AVAILABLE DATA =
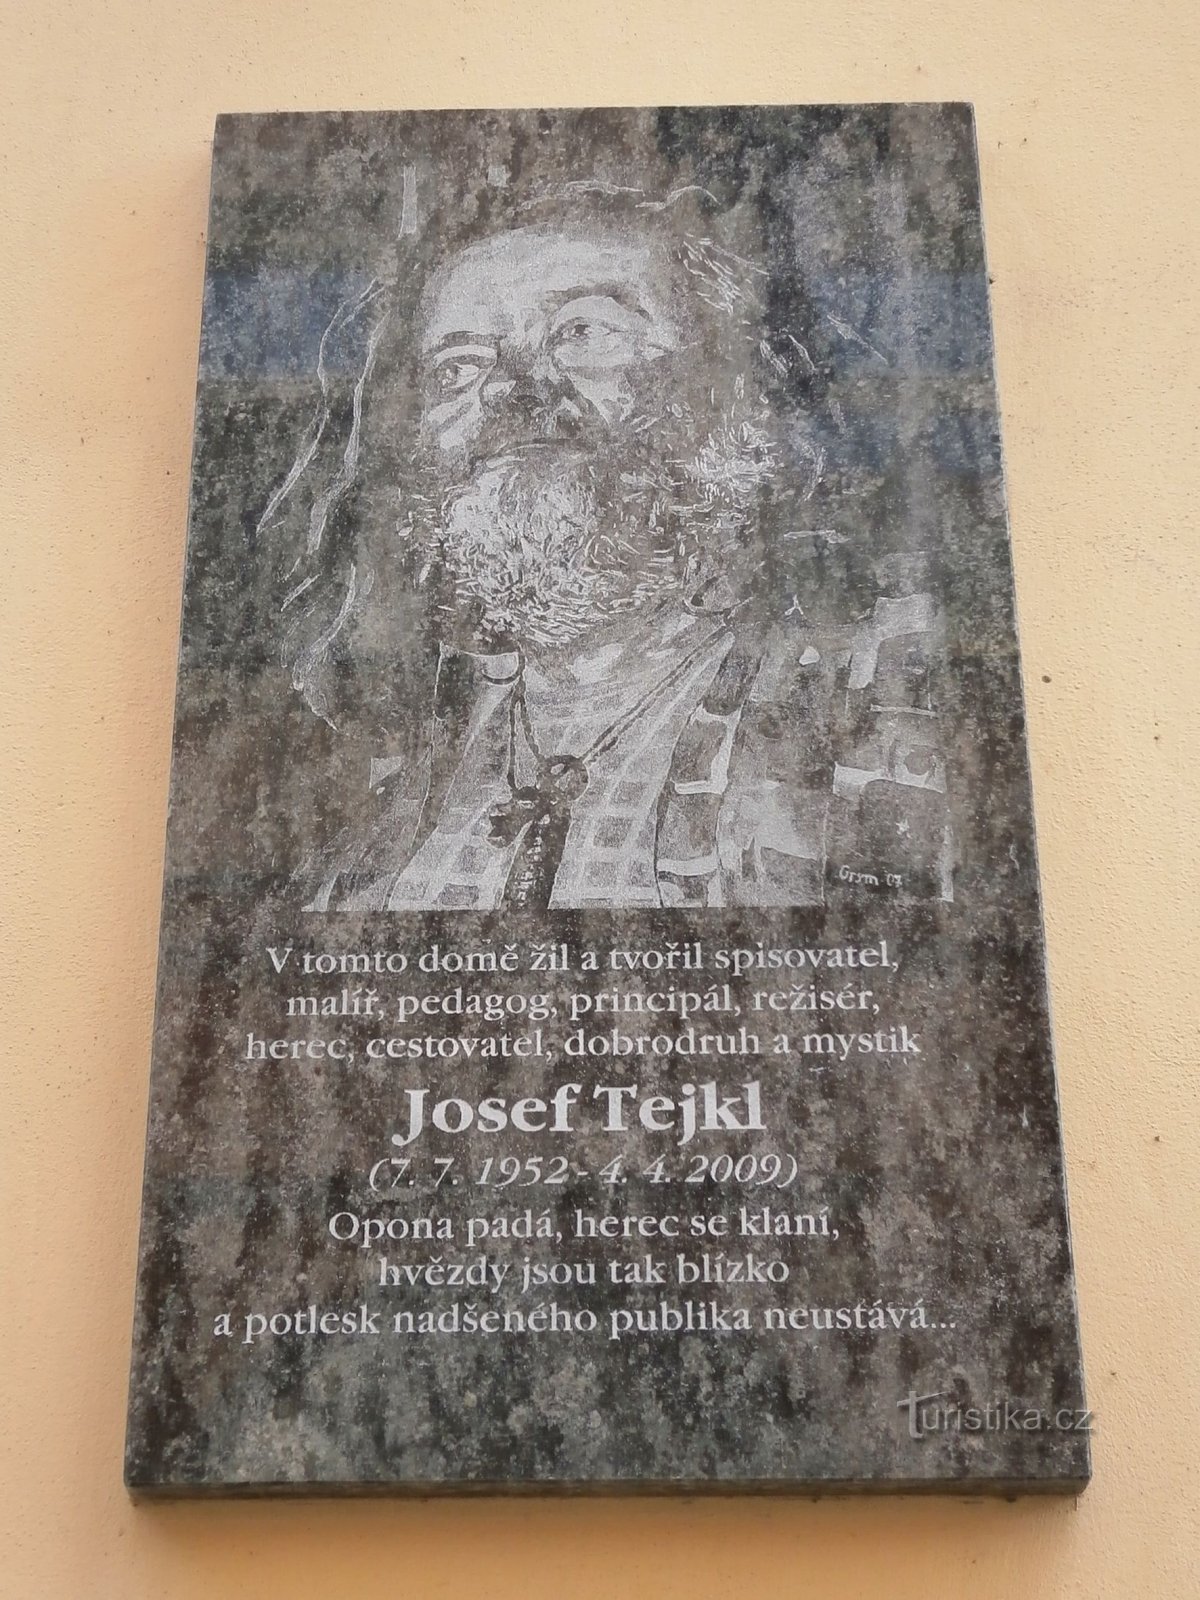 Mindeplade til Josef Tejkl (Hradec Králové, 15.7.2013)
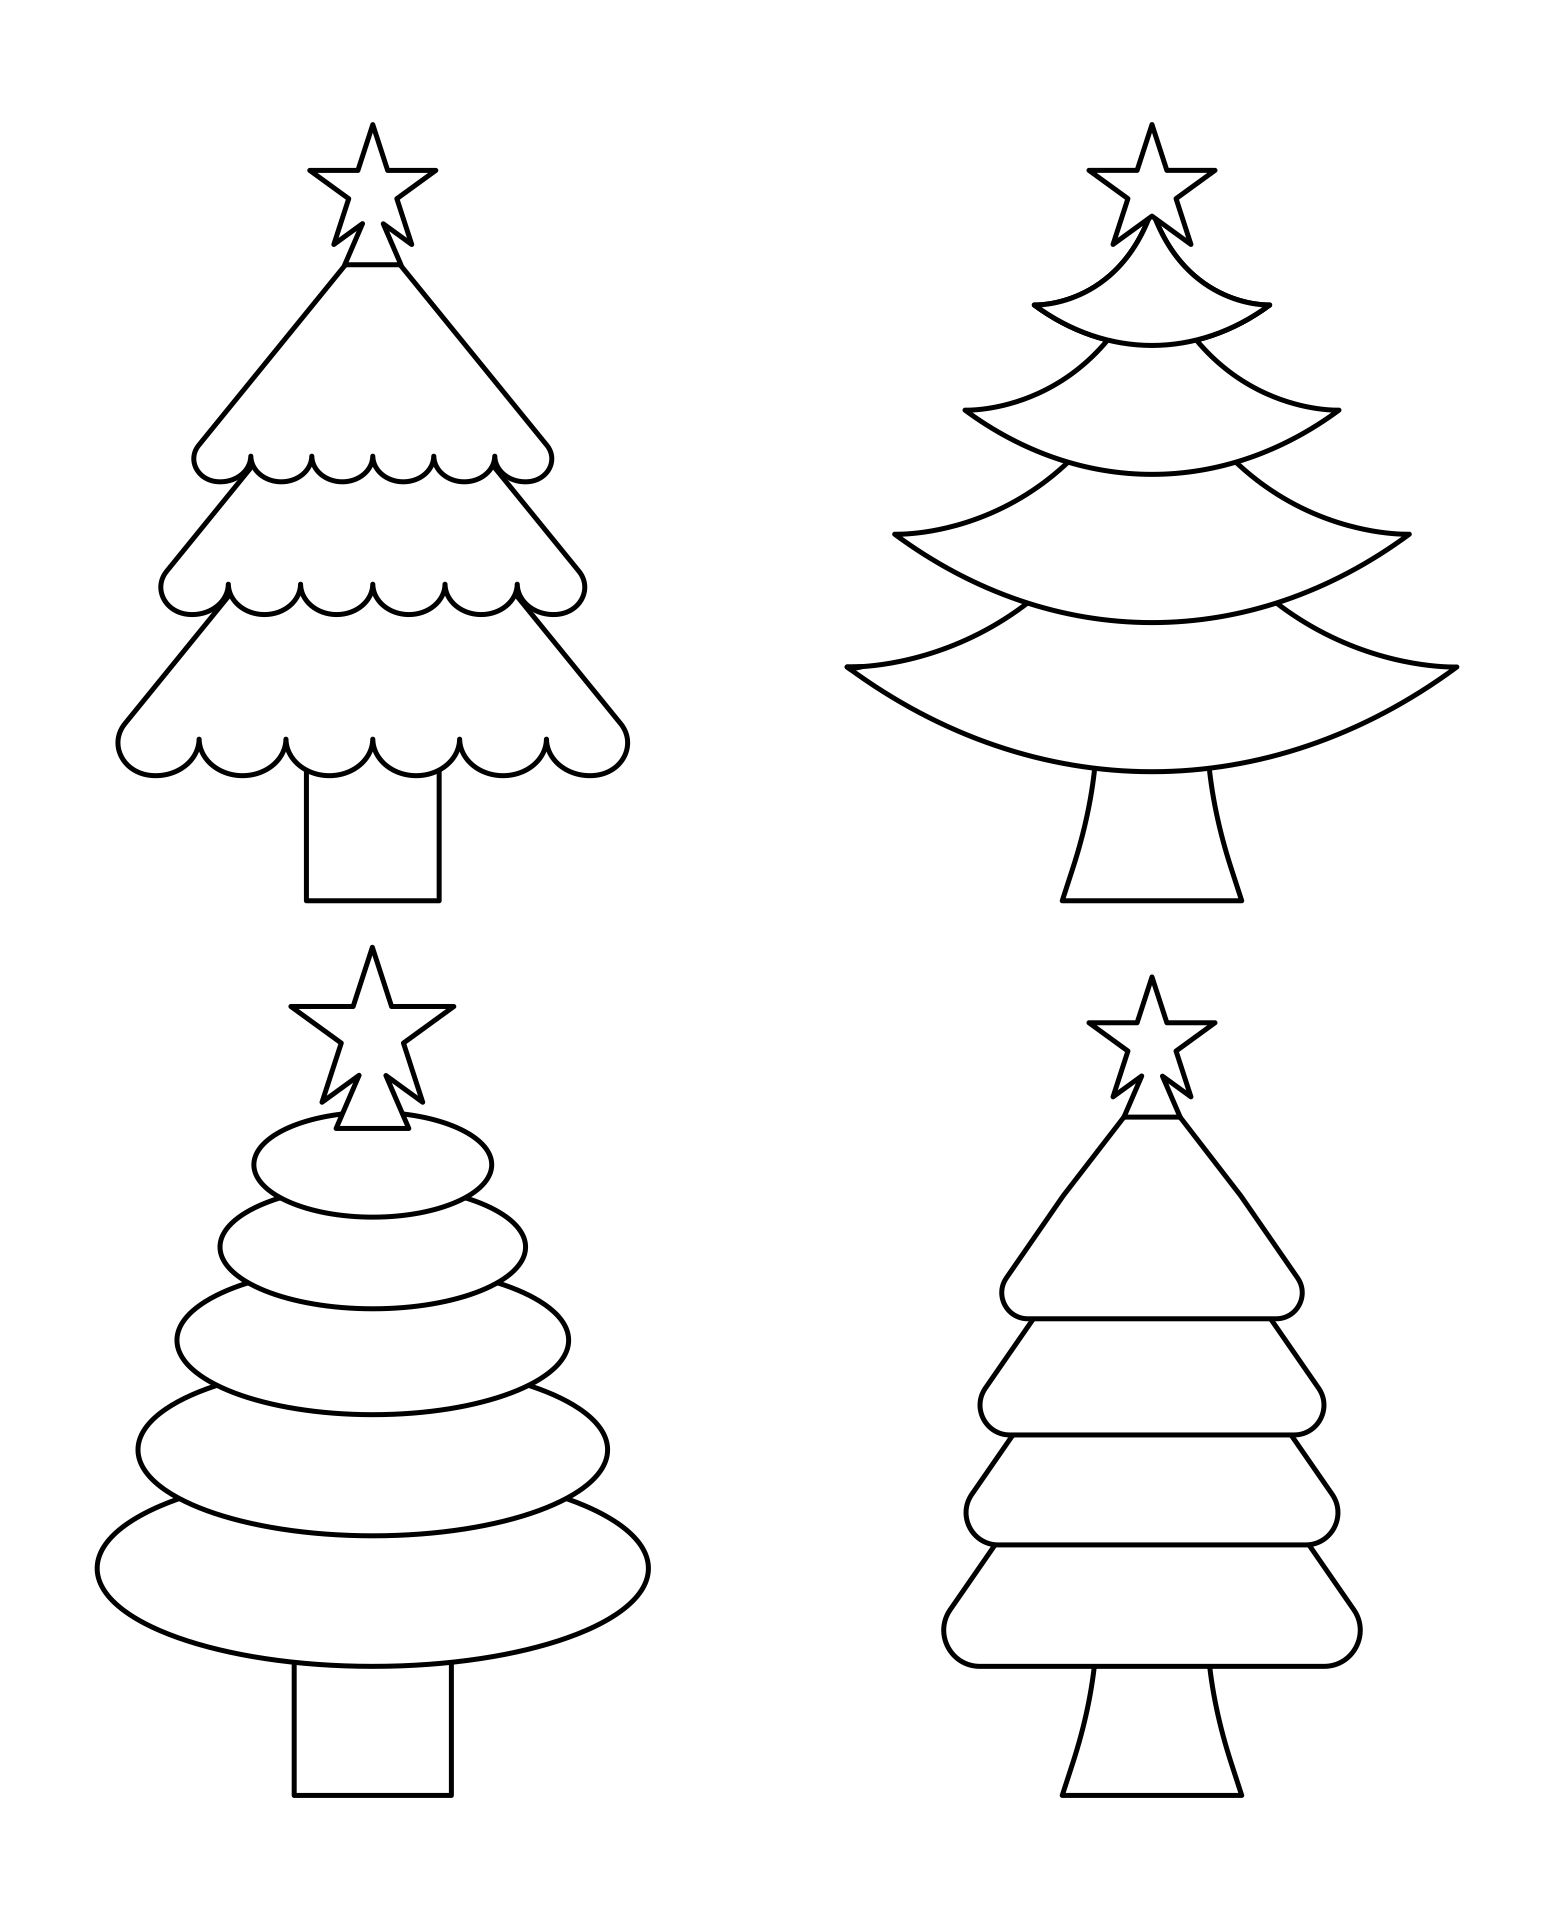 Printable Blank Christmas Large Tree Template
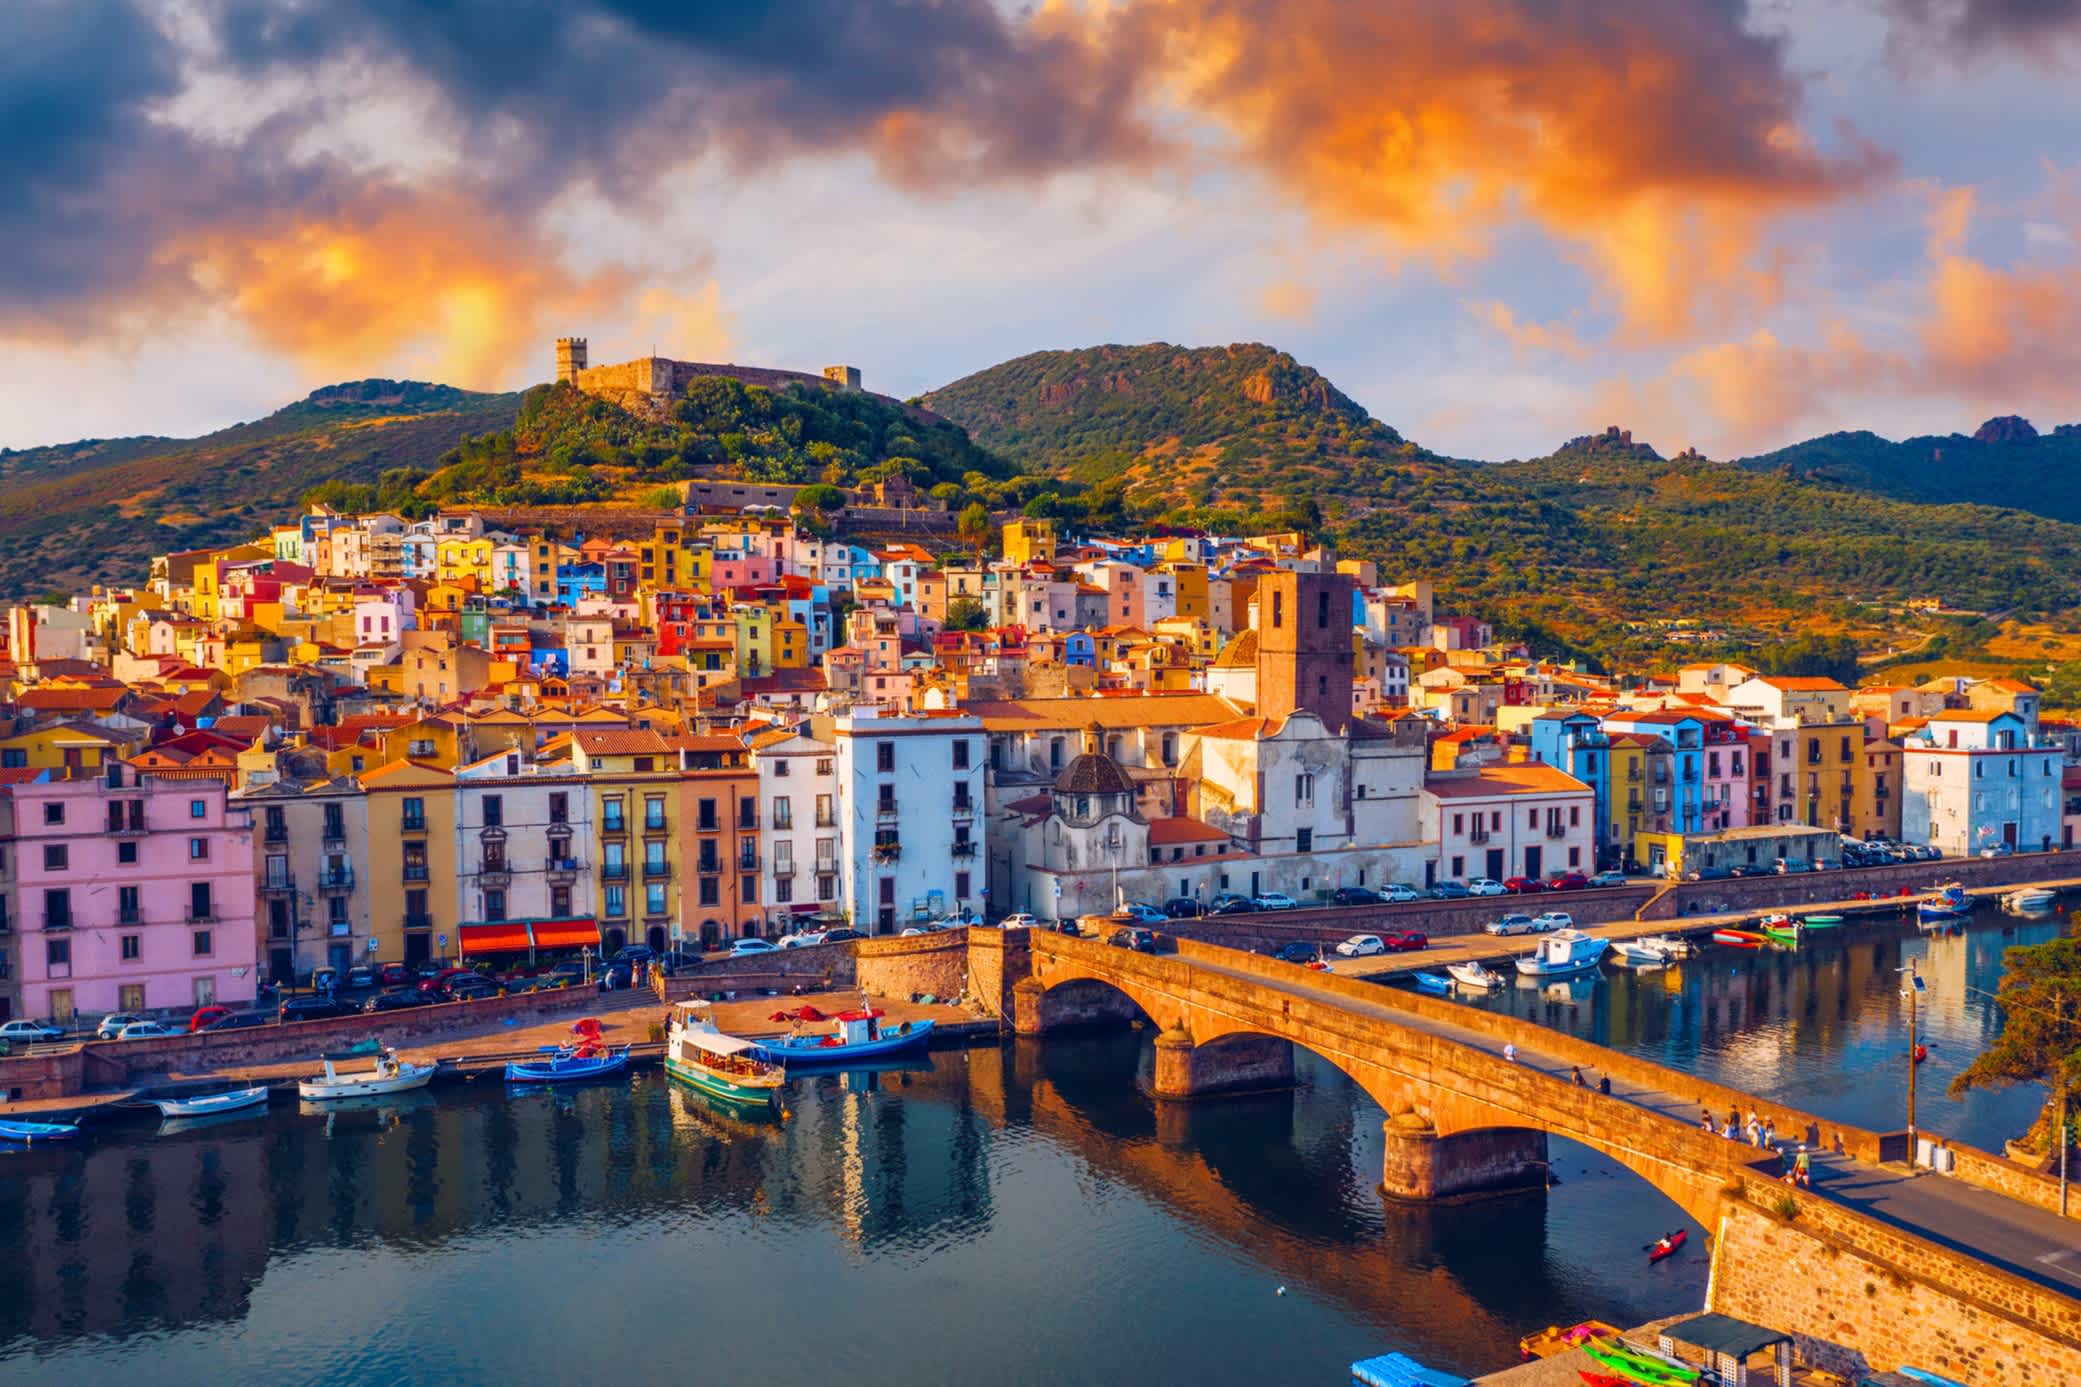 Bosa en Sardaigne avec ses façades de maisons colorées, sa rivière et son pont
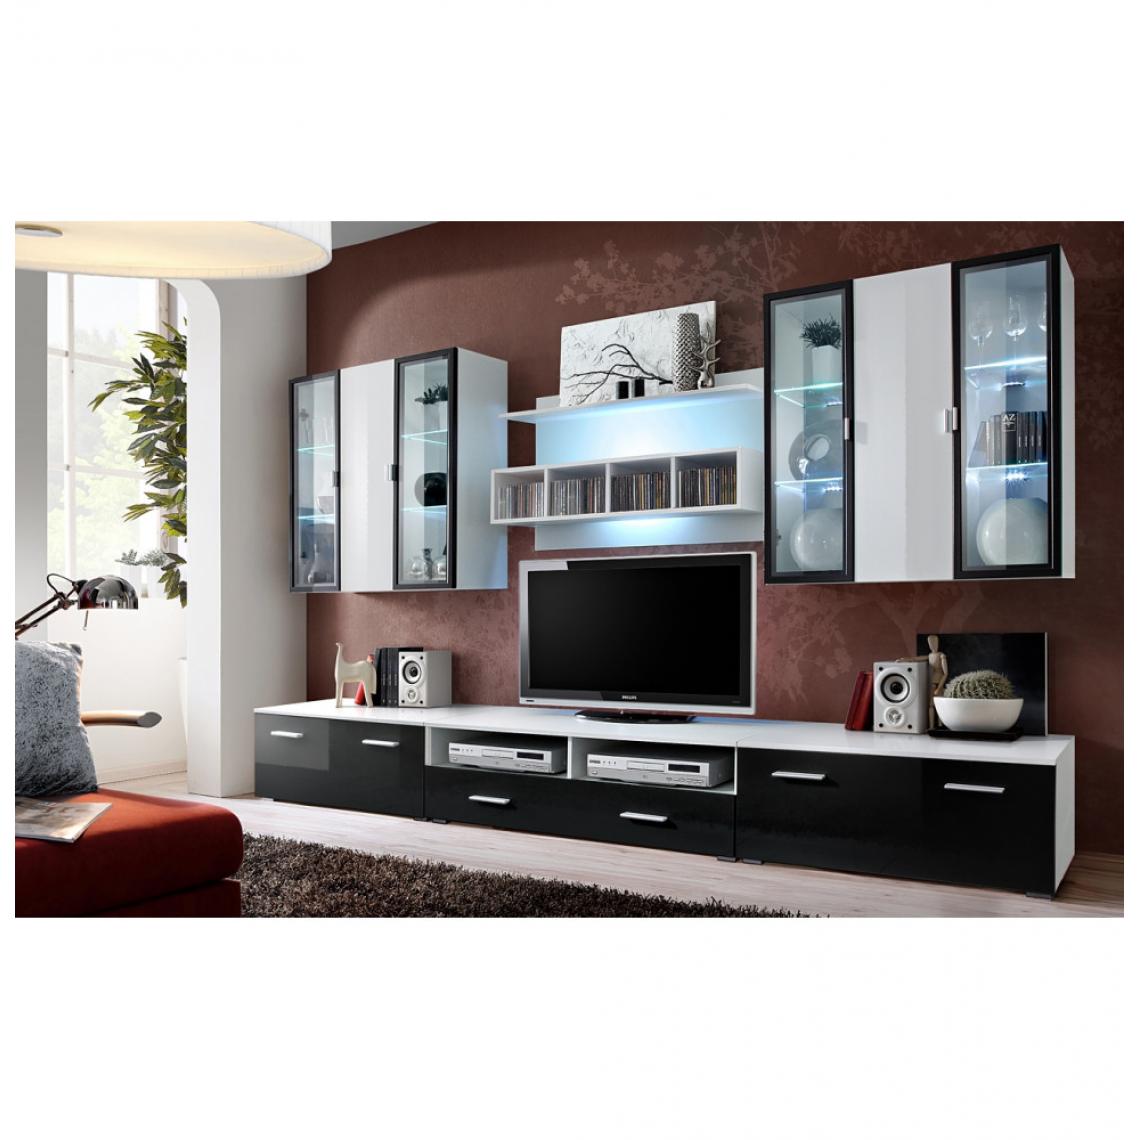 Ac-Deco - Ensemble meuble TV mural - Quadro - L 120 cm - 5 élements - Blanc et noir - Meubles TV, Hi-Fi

INSTRUCTIONS TO FOLLOW = Starting with the line that holds "Printable Blank Christmas", repeat exactly every line through the end of the material above, both ends included, without the pictures.

ANSWER TO THIS TASK =
 Printable Blank Christmas Large Tree Template
 Bosa en Sardaigne avec ses façades de maisons colorées, sa rivière et son pont
 Ac-Deco - Ensemble meuble TV mural - Quadro - L 120 cm - 5 élements - Blanc et noir - Meubles TV, Hi-Fi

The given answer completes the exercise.